Fluoxetine has been found to not affect dextroamphetamine-induced hyperlocomotion. Similarly, sertraline did not affect cocaine-induced hyperlocomotion.

====Serotonin precursors====
The serotonin precursor 5-hydroxytryptophan (5-HTP) combined with benserazide can suppress the hyperlocomotion induced by dextroamphetamine in rodents.

====Serotonin receptor agonists====
The non-selective serotonin receptor agonists and serotonergic psychedelics LSD and DOI decrease locomotor activity in animals. However, whereas LSD suppresses locomotion at all doses tested, DOI as well as DOM show an inverted U-shaped dose–response curve, with stimulation of locomotor activity at low doses and suppression of locomotion at higher doses.
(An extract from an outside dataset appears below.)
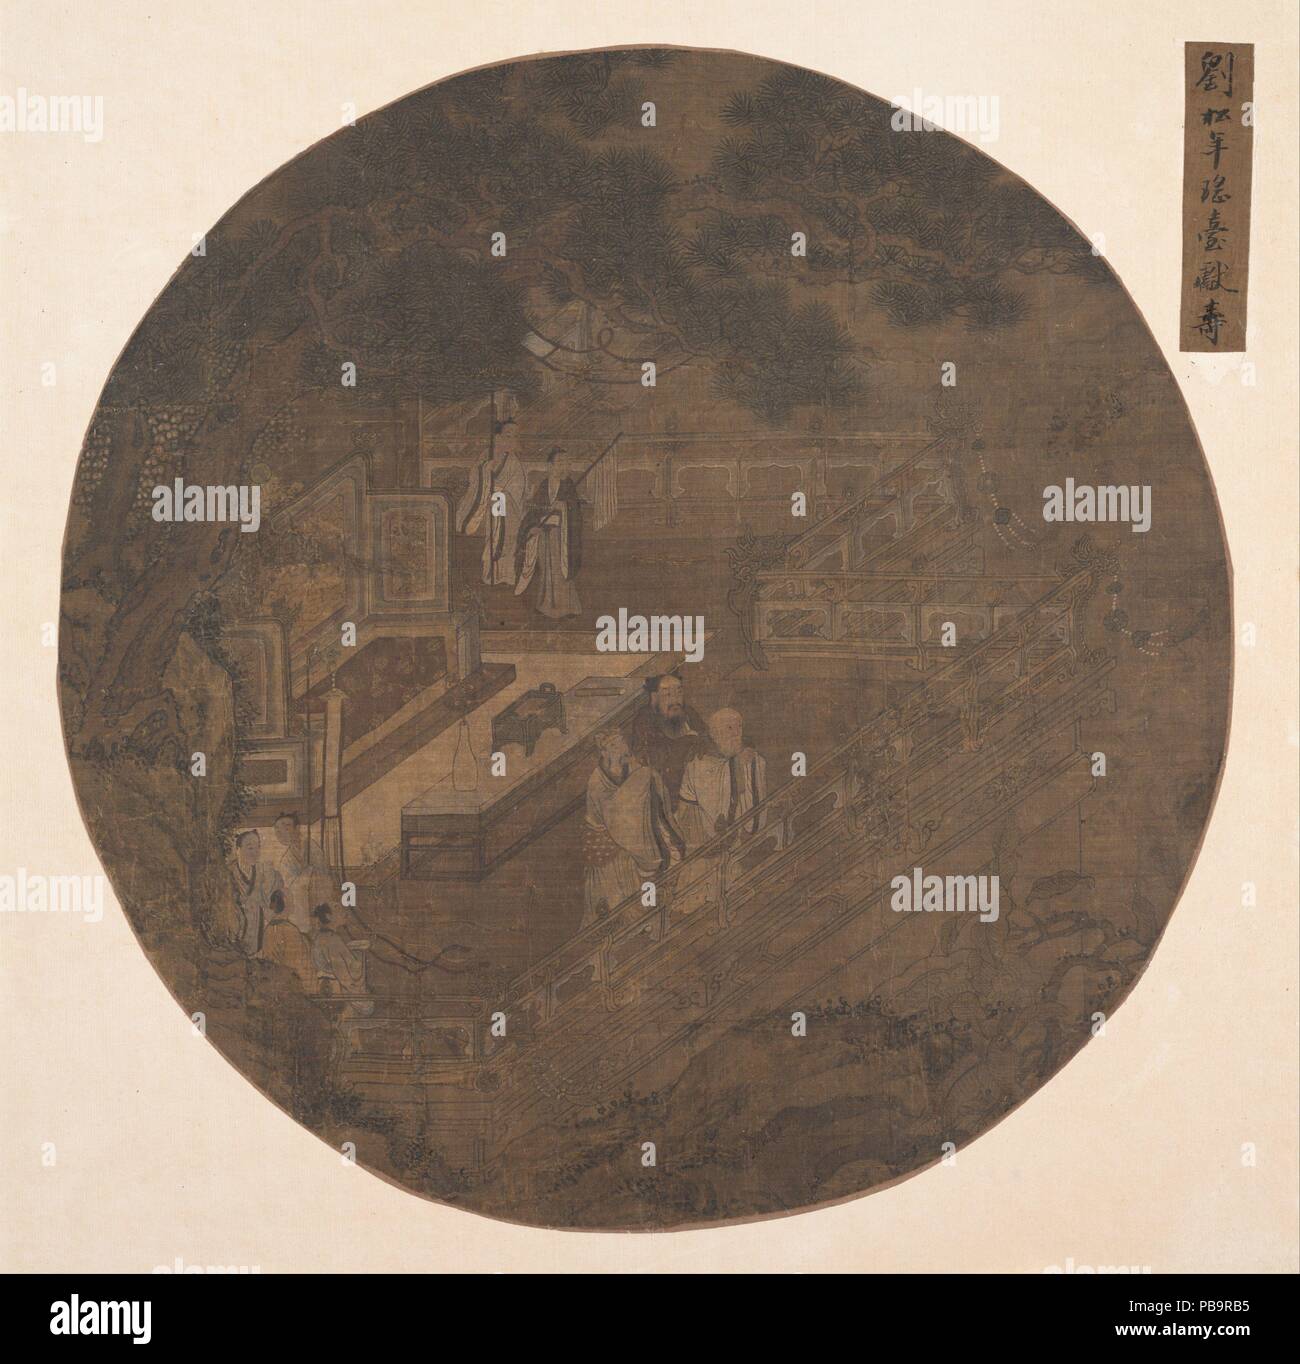 Paying homage to Xiwangmu, the Queen Mother of the West. Artist: Unidentified Artist Chinese, 15th century. Culture: China. Dimensions: Image: 11 3/8 × 11 3/8 in. (28.9 × 28.9 cm). Date: 15th century.  The auspicious subject of this fan painting is the birthday anniversary of Xiwangmu, the Queen Mother of the West. Standing atop an ornately furnished terrace, the three Daoist immortals Lü Dongbin, Han Zhongli, and Zhang Guolao are depicted reverently paying their respects to the queen of the Daoist pantheon. The figures, drawn with a minimum of calligraphic flourish, seem to be the work of a p Stock Photo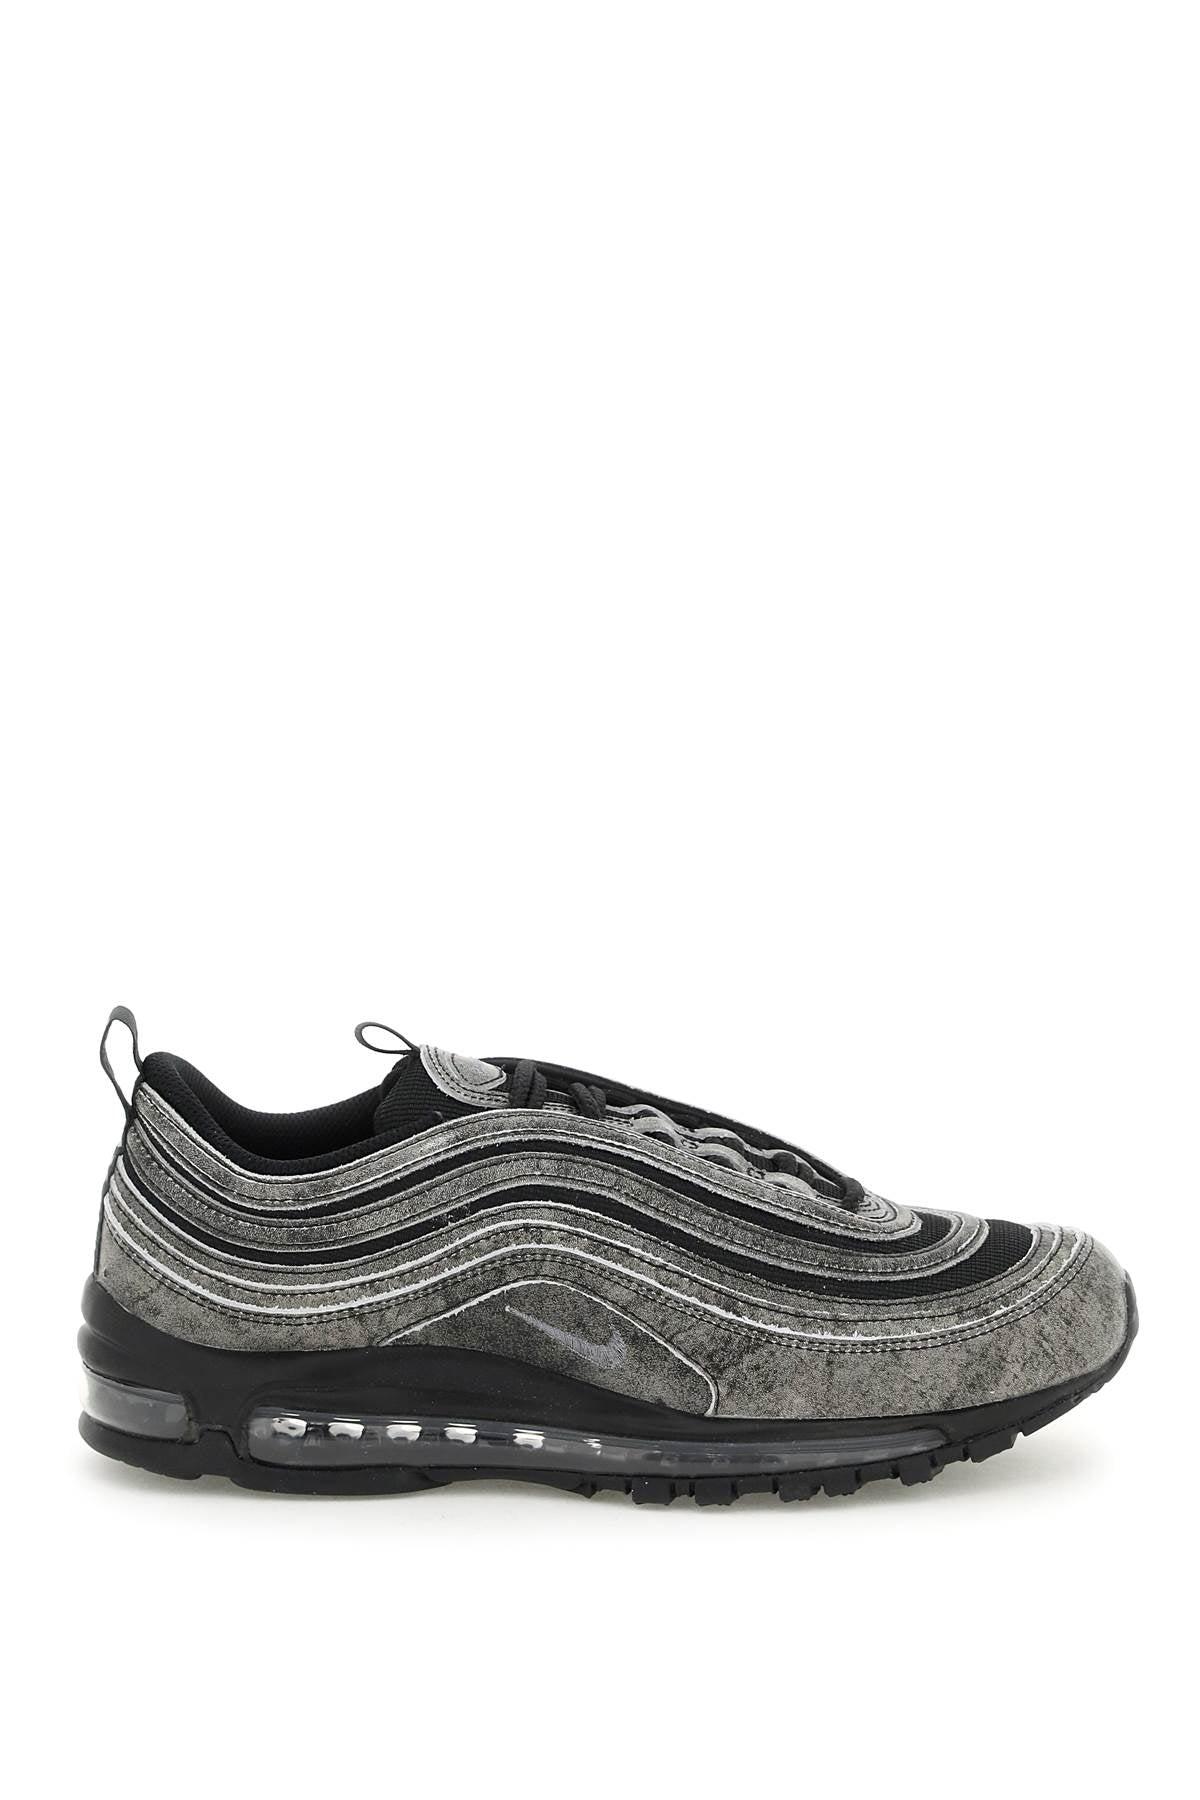 Comme des Garçons Nike Air Max 97 Sneakers in Gray for Men | Lyst

The hyperlocomotion of DOI at low doses is abolished in serotonin 5-HT_{2A} receptor knockout mice, whereas the hypolocomotion with DOI at higher doses is blocked by the selective serotonin 5-HT_{2C} receptor antagonist SER-082. Similarly, the hyperlocomotion of low doses of DOM is reduced by the serotonin 5-HT_{2A} receptor antagonist volinanserin (MDL-100907) and enhanced by the serotonin 5-HT_{2C} receptor antagonist SB-242084 and its hypolocomotion at high doses is attenuated by SB-242084. As such, it has been concluded that serotonin 5-HT_{2A} receptor activation increases locomotor activity while serotonin 5-HT_{2C} receptor agonism decreases locomotor activity.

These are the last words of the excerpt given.